Podemos ler Milagrário Pessoal, de José Eduardo Agualusa, como ensaio em fato de romance sobre a língua portuguesa, história de amor senil (o dos velhos é o verdadeiro amor senil) ou louvor das palavras de que se fazem as línguas. “Palavras fazem misérias / inclusive músicas”, cantou (ou assobiou) o poeta-pássaro Manoel de Barros, a quem o novo romance de José Eduardo Agualusa muito deve. As palavras têm poder, as palavras são poder. Neste romance, a associação entre palavras e magia é frequente: dos povos que ainda acreditam na sua natureza mágica (p. 72) aos poetas que tentam devolver às palavras o “seu brilho antigo”, a sua magia (p. 88). O realismo mágico, que também há por aqui, é consequência da magia do verbo. As palavras e as línguas não são apenas razão, logos, têm uma carga telúrica, são a topografia verbal de um povo, ideia expressa na profecia segundo a qual os angolanos haveriam de falar “um português próspero, redondo e musical”, onde se ouviria o largo rumor do Cuanza [...], o colorido piar de suas muitas aves, o silvo do vento soprando húmido por entre o capinzal.” (p. 33).

 

Palavras também são poder, política no sentido mais lato. Podem significar insubmissão, como no caso do timorense que declamava sonetos de Camões. Podem siginificar afirmação nacionalista, como no caso das elites brasileiras que passaram a utilizar apelidos de origem tupi. Podem significar subversão, como o colonizado que pretende colonizar a língua do colonizador para assim o dominar.

 

As palavras estão no centro da intriga. Iara é uma linguista que estuda o aparecimento de neologismos na língua portuguesa para os dicionarizar. Quando, numa única semana, surgem vinte e três neologismos em várias publicações, pede auxílio a um ex-professor - o narrador do livro - um octogenário anarquista angolano. Os dois lançam-se numa busca quase danbrownesca e com uma pitada de O Pêndulo de Foucault, que os leva de Lisboa a Olinda.

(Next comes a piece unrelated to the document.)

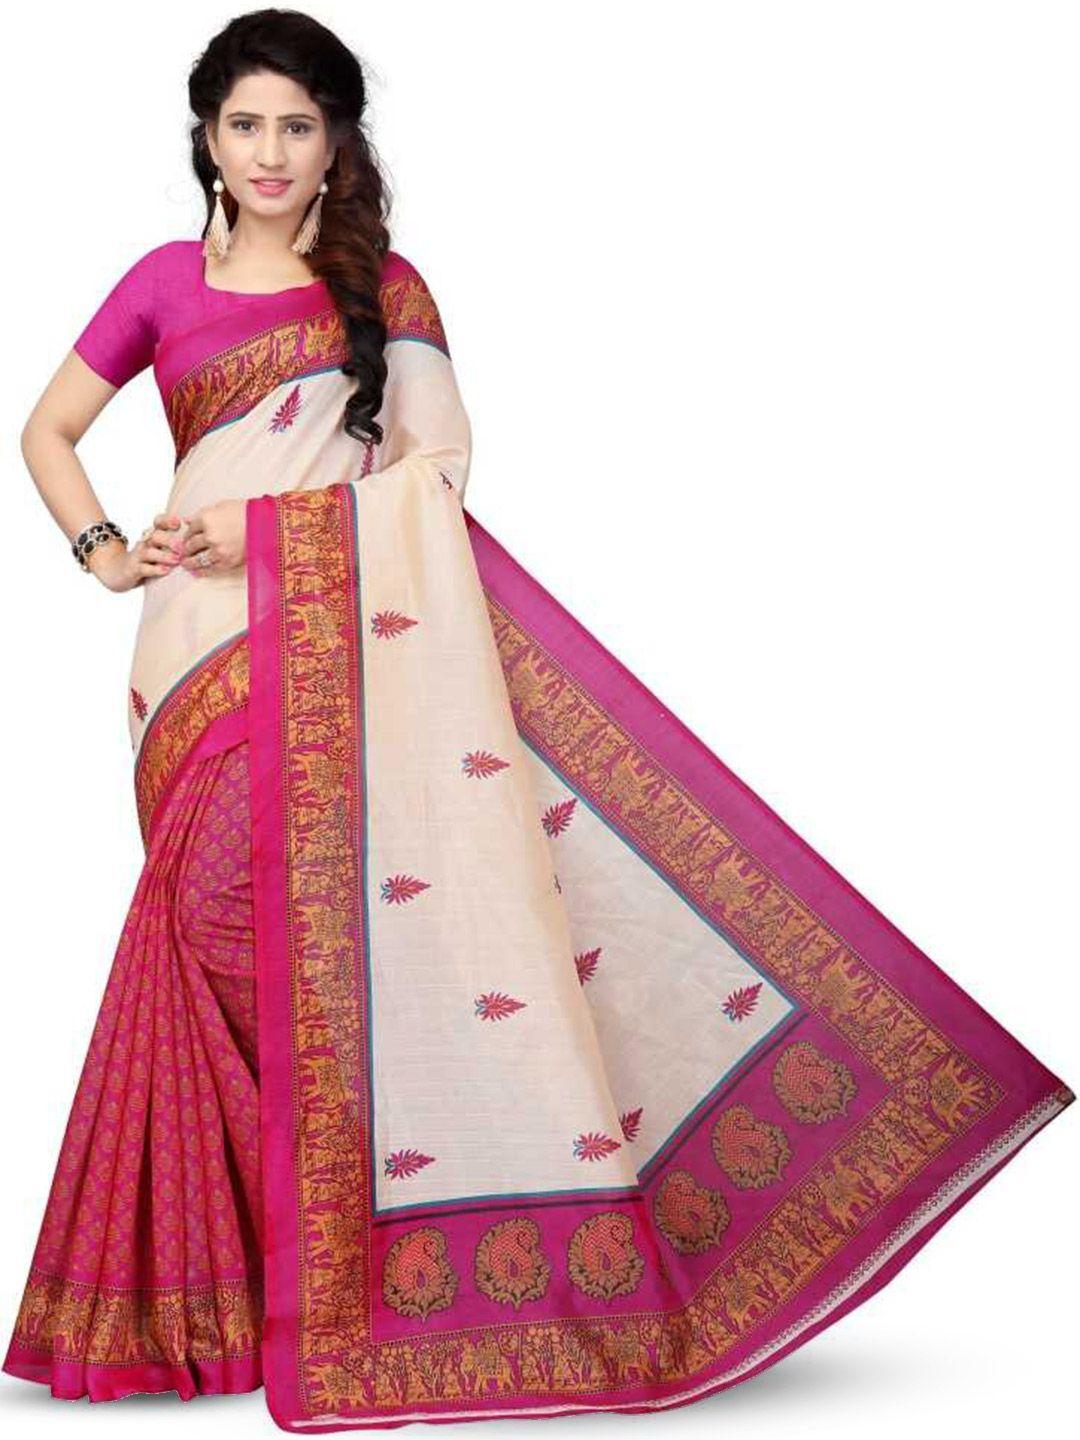 mitera cream & pink ethnic motifs printed art silk banarasi saree
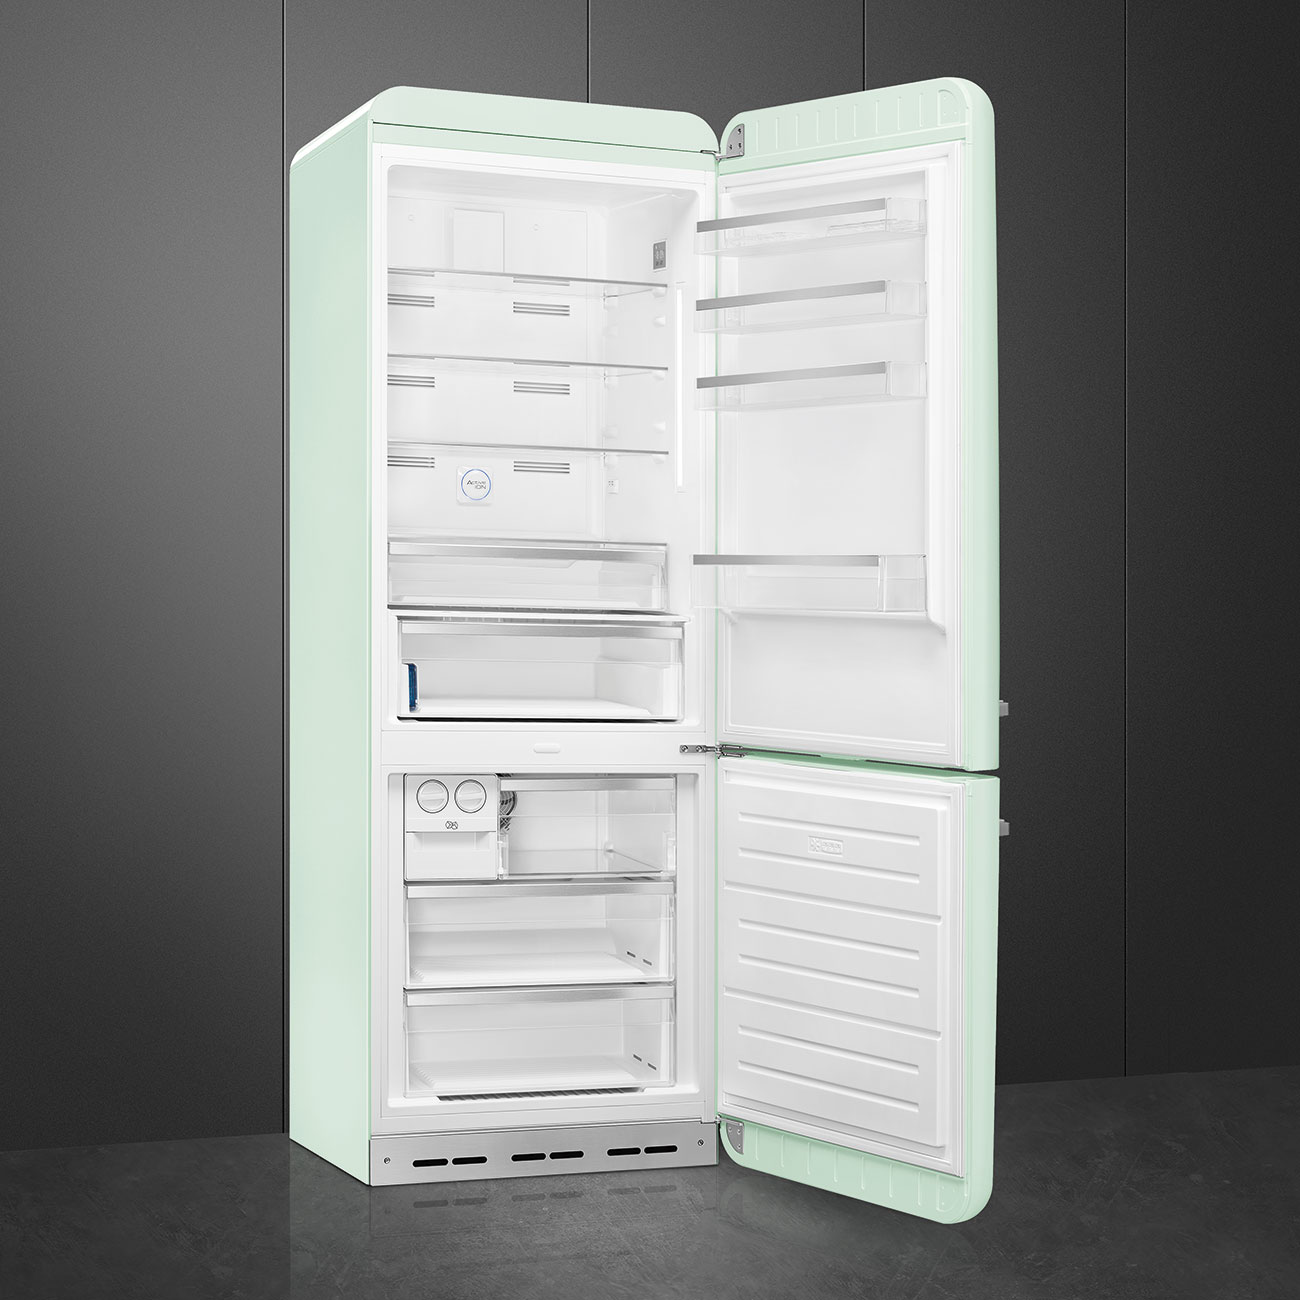 Watergroen koelkast - Smeg_5

Uma trama que serve para vestir o fato de romance ao material ensaístico (ver o décimo primeiro capítulo) e que, dada a sua natureza flexível, permite a Agualusa o já habitual exercício em vários registos do idioma (segundo e quarto capítulos como os melhores exemplos).

 

Com a atenção que dedica aos neologismos, Milagrário Pessoal é veículo para a ideia da língua enquanto ser de uma inteligência orgânica que rejeita as palavras que o adoecem e assimila as que o retemperam. Como se à língua não se pudessem impor palavras, como se estas apenas estivessem à espera de quem as colhesse. O livro homenageia alguns dos colectores subversivos – porque a mais radical das subversões é “a de melhorar uma civilização sofisticando o seu idioma” (p. 22) – da língua portuguesa: Guimarães Rosa, Manoel de Barros, Luandino Vieira e Mia Couto. Agualusa não se junta ao bando como companheiro de viagem, optando por guardar a distância defensiva do ornitólogo que observa os poetas-pássaro em acção. O autor agradece-lhes a afinação da ferramenta com que constrói os seus romances. Um utensílio que é também, e cada vez mais, o tema central da obra de Agualusa.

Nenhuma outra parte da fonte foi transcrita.